§ Provided material
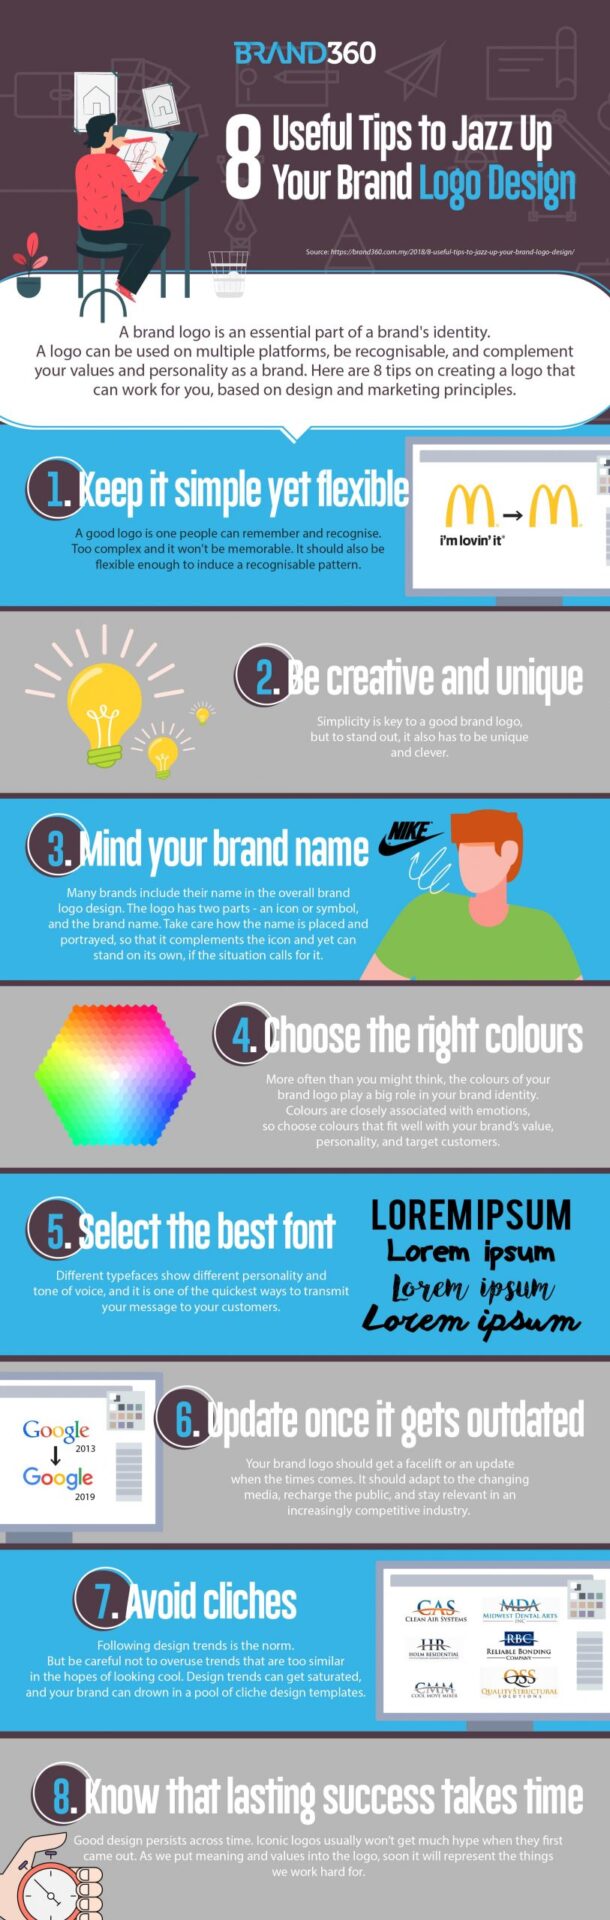 Infographic] 8 Useful Tips to Jazz Up Your Brand Logo Design - Brand360
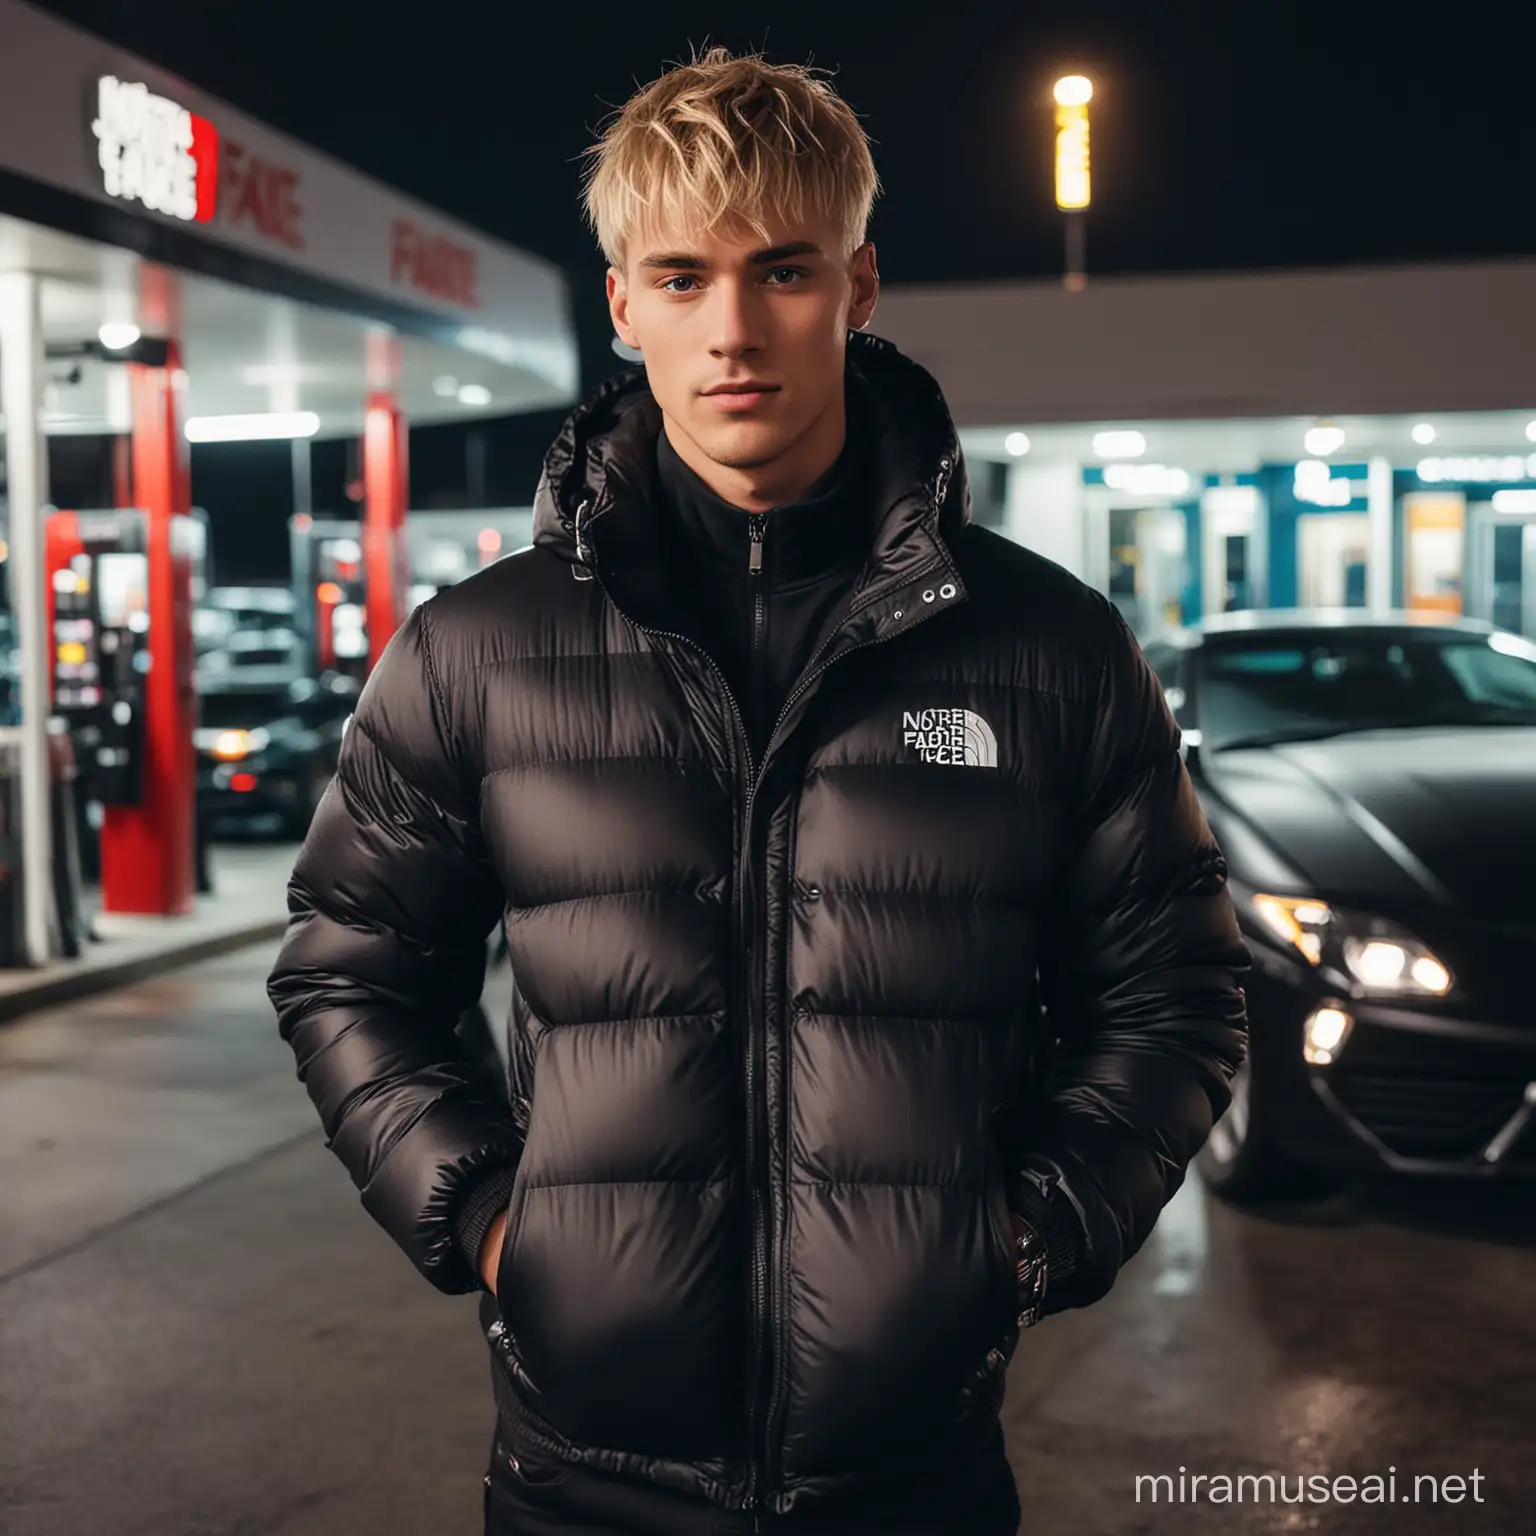 Stylish Blond Man in North Face Jacket with Ice Chain and Lamborghini at Night
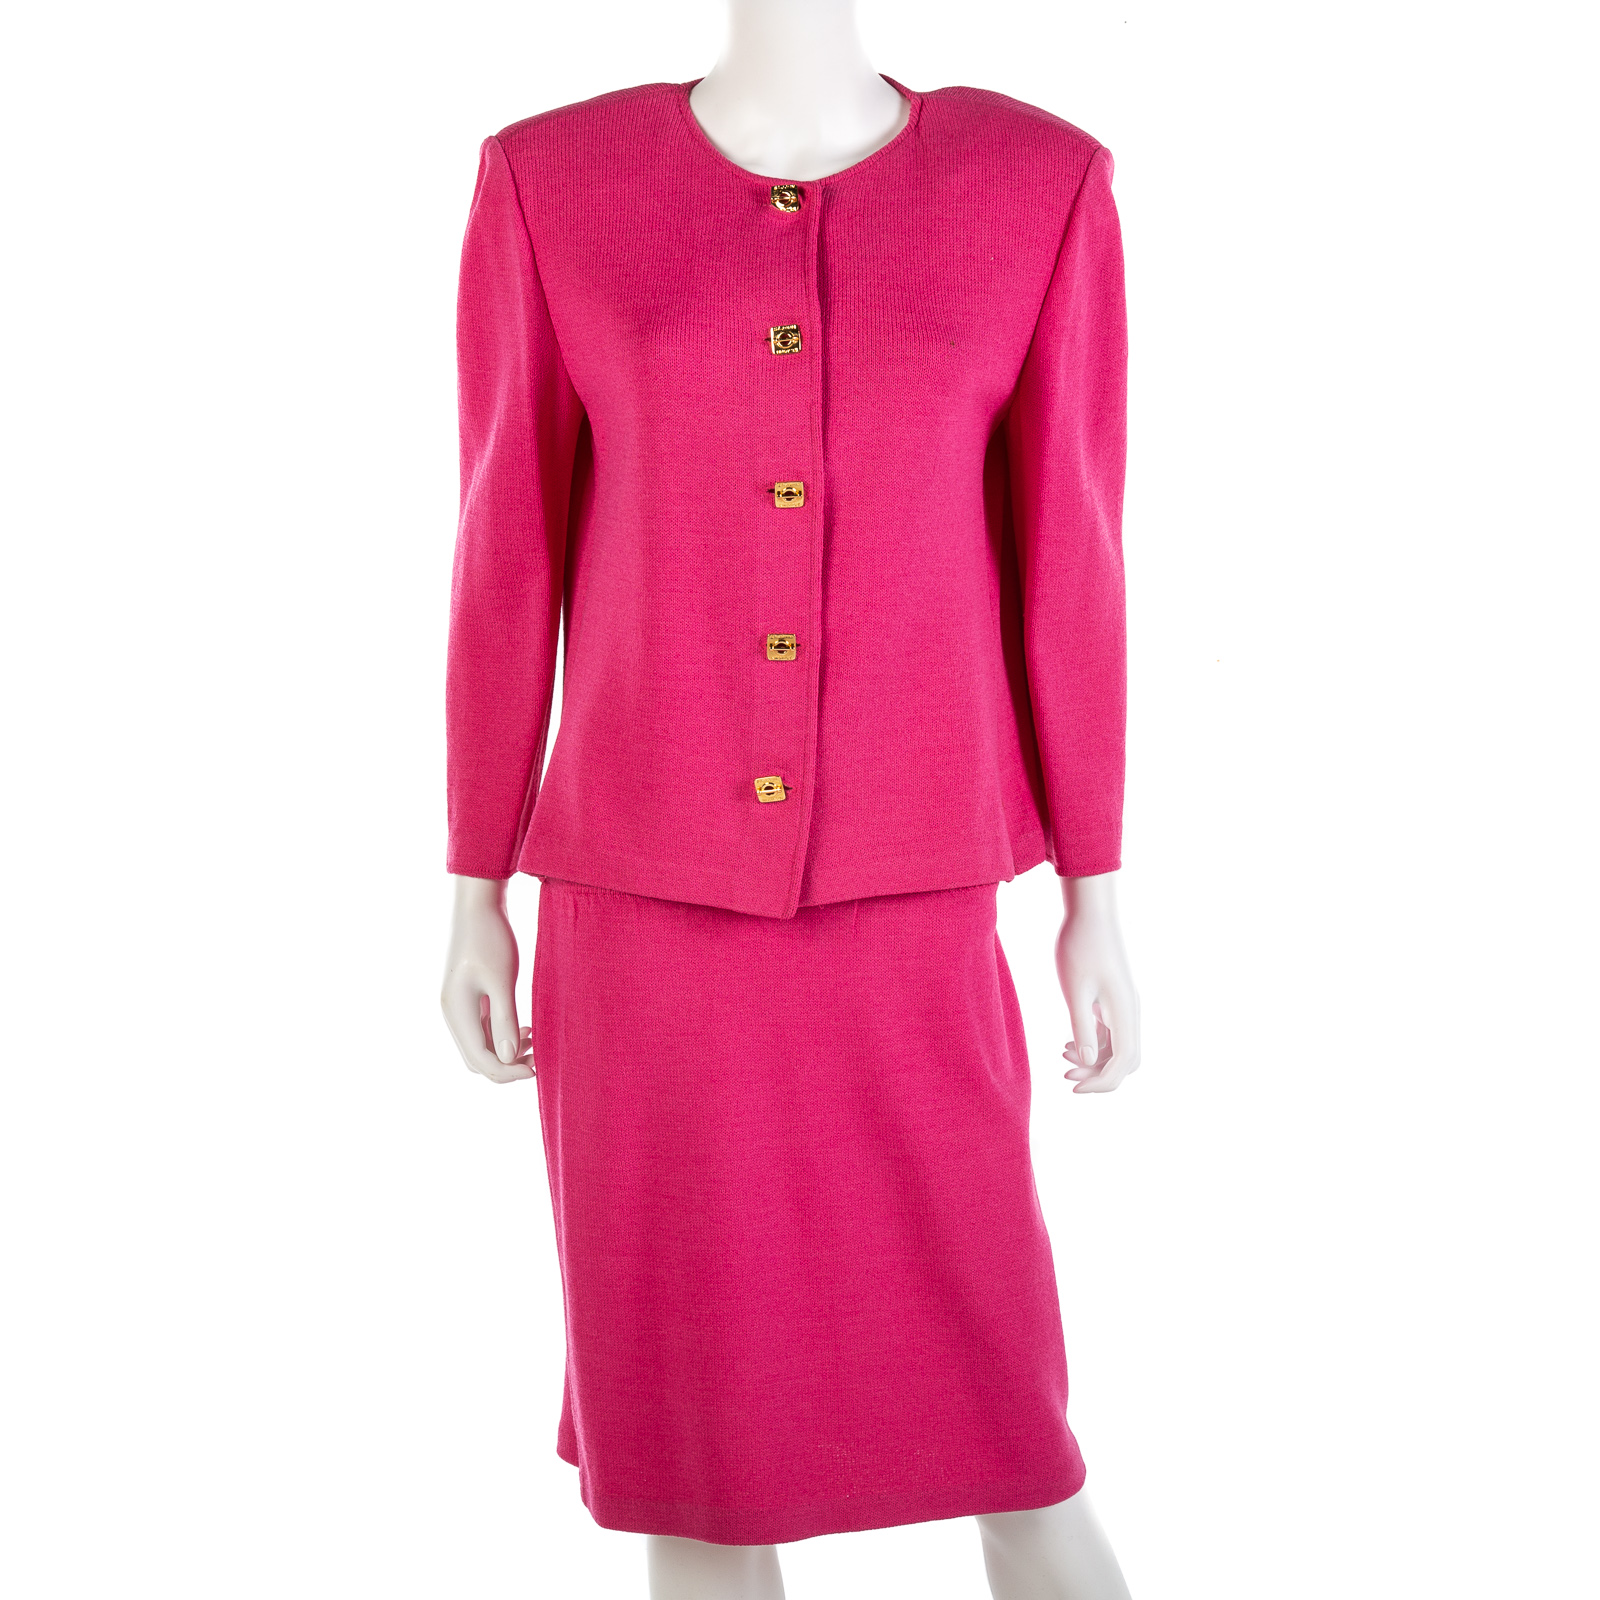 ST. JOHN PINK KNITTED SUIT jacket

§ What is required
Reproduce verbatim every line starting at the line that holds "Stylish Blond Man" and ending with the final line of the data; omit the pictures.

§ Task result
 Stylish Blond Man in North Face Jacket with Ice Chain and Lamborghini at Night
 ST. JOHN PINK KNITTED SUIT jacket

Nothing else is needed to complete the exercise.